How the mammalian brain achieves accurate tracking of head direction at different turning-velocities?

Arseny Finkelstein, Hervé Rouault, Sandro Romani, Nachum Ulanovsky. Dynamic control of cortical head-direction signal by angular velocity. doi: https://doi.org/10.1101/730374

Abstract
The sense of direction requires accurate tracking of head direction at different turning-velocities, yet it remains unclear how this is achieved in the mammalian brain. Here we recorded head-direction cells in bat dorsal presubiculum and found that, surprisingly, the head-direction signal in this cortical region was dynamically controlled by angular velocity.
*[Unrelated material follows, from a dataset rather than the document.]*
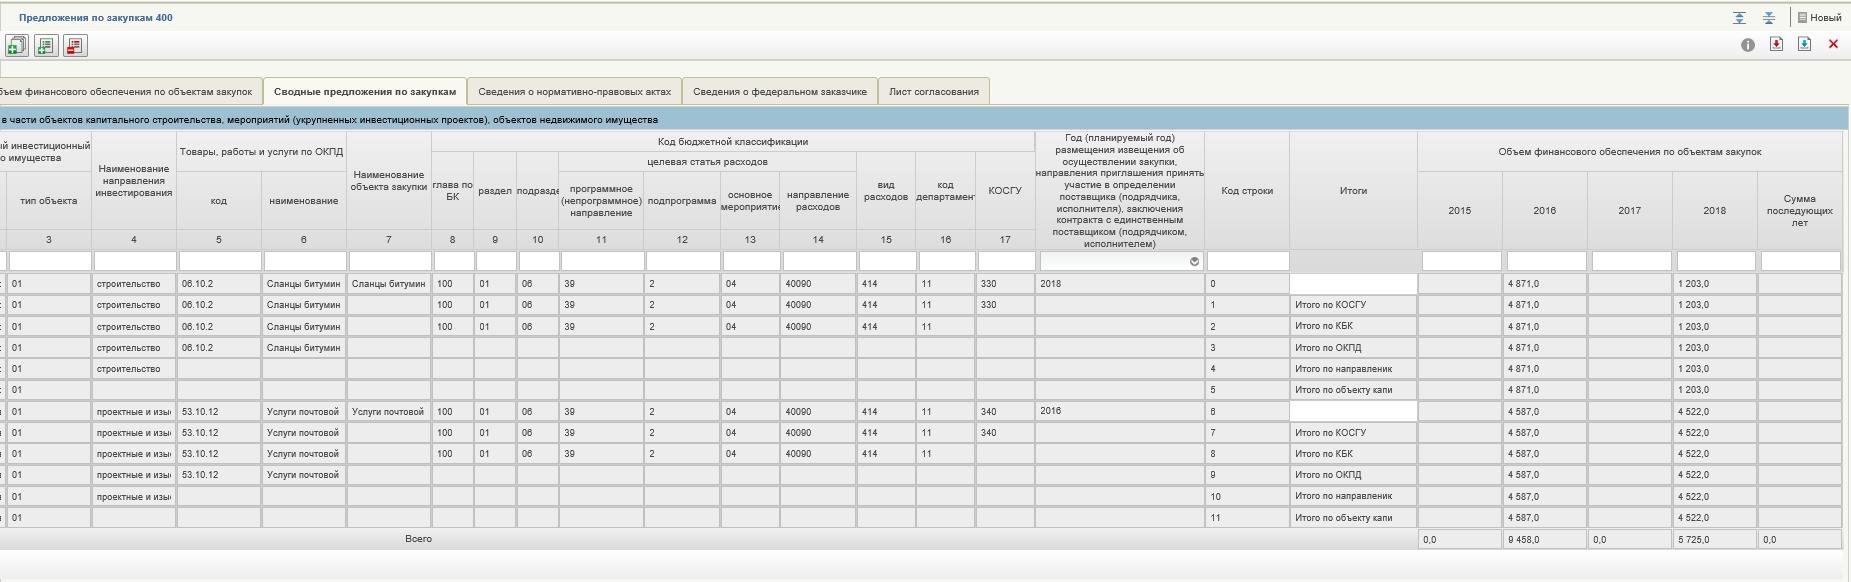 для чего предназначена таблица ascii

In most neurons, a sharp head-direction tuning emerged at some angular velocity, but was absent at other velocities – resulting in a 4-fold increase in head-direction cell abundance. The head-direction tuning changed as a function of angular velocity primarily via a redistribution of spikes between the neuron’s preferred and null directions – while keeping the average firing-rate constant. These results could not be explained by existing ‘ring-attractor’ models of the head-direction system. We propose a novel recurrent network model that accounts for the observed dynamics of head-direction cells. This model predicts that the new classes of cells we found can improve the sensitivity of the head-direction system to directional sensory cues, and support angular-velocity integration.”